Copyright © 2015 by Ani Bolton

All Rights Reserved



This book is a work of fiction. Names, characters, places, and incidents are products of the author’s imagination or are used fictitiously. Any resemblance to actual events or locals or persons, living or dead, is entirely coincidental.


Cover art ©
The Killion Group, Inc.

Licensed material is being used for illustrative purposes only and any person depicted in the licensed material is a model.


All rights reserved. No part of this book may be reproduced or transmitted in any form or by any means, electronic or mechanical, including photocopying, recording, or by any information storage and retrieval system without the written permission of the author, and where permitted by law. Reviewers are welcomed to quote brief passages in a review.


Previously published as The Penwyth Bride by Mallory Jackson. I got the rights back, and I’m happy to share this story with readers once more!



The godly folk of Little Ithlington drowned my mother in the village duckpond when I was eleven years old.

The servants tell me that she spat and lay curses upon the villagers even as her death gave lie to her supernatural powers. But Goodwife Martin took to a fit soon after, so no one knows what to think.

When my father found his drowned wife late in the night after searching the combes and wyes for her, they also say, he took Ioanthe in his arms and howled in agony to the moon like a dog, and so her spell over him was broken.

When they informed me, none too gently, I did not grieve. Ioanthe had been an alarming figure in my life, and when she did bother to come to the nursery I always felt as if she were measuring something in me and finding it wanting.

Worse still, however, was capturing her interest. When I grew my first seedling in a cracked horn cup seemingly overnight, my mother began to watch me more attentively, and even I did not want to draw the attention of a witch.

My mother’s beauty was exotic and wild, and the villagers never forgave her for snaring the squire’s son in her spell and rising above her station. The servants tell me she liked to lord her good fortune over them, too, driving a smart gig drawn by a pair of matched black ponies like a virago through Little Ithlington’s one dusty lane, and flouncing into church service wearing a London-stitched gown. She always insisted upon being addressed as My Lady, not Mistress Eames, or even Lady Ioanthe, she who was the miller’s by-blow child living in great extremity by the Thicket Downs where no god-fearing person willingly traveled.

Well, the village had its revenge over her.

And I endeavored to forget her whispers on the properties of earth, air, fire and water, how to balance between them and thus draw the power from them all. The
arcana elementa
, she had called it, knowledge passed down from the affinitied since the beginning, when Reason did not hold sway over the world as it did now. She told me--somewhat disgustedly--that my affinity was for the earth and things that grow.

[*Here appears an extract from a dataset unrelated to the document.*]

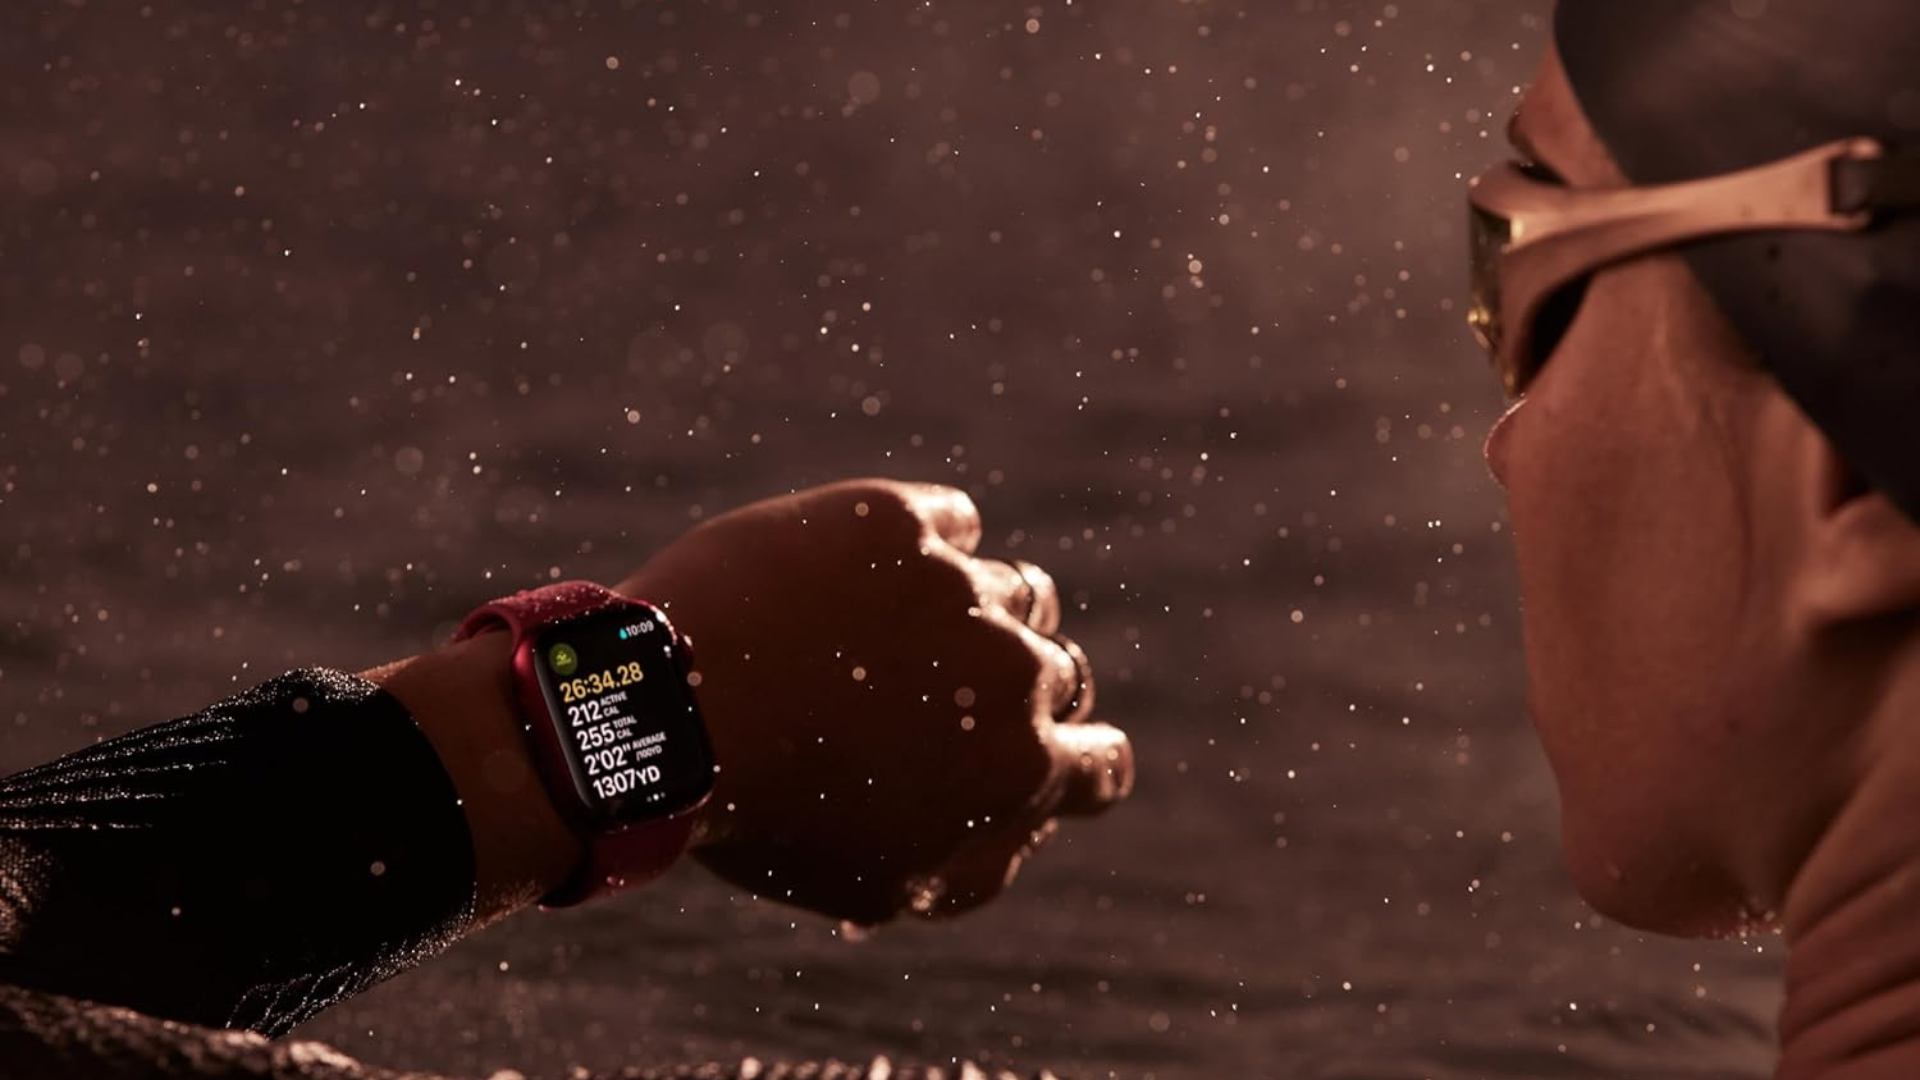 A swimmer looking at their Apple Watch while in the water

“They’ll call thee a witch,” she had said with a look of dark amusement in her fine eyes as she made me labor over the ordering of arcane rune sticks left to her by her grandmother, killed, she told me, in the Puritan’s Great Purge. “Ha. They’ll revile thee and let the godly kill thee while the men steal our knowledge and call themselves alchemists, or physickans. But they cannot see what we can see, or hear what we can hear, or invoke what we can invoke. Only the affinitied who have not forgotten the One can understand the arcana as it is meant to be understood--even those who wish to forget, daughter.”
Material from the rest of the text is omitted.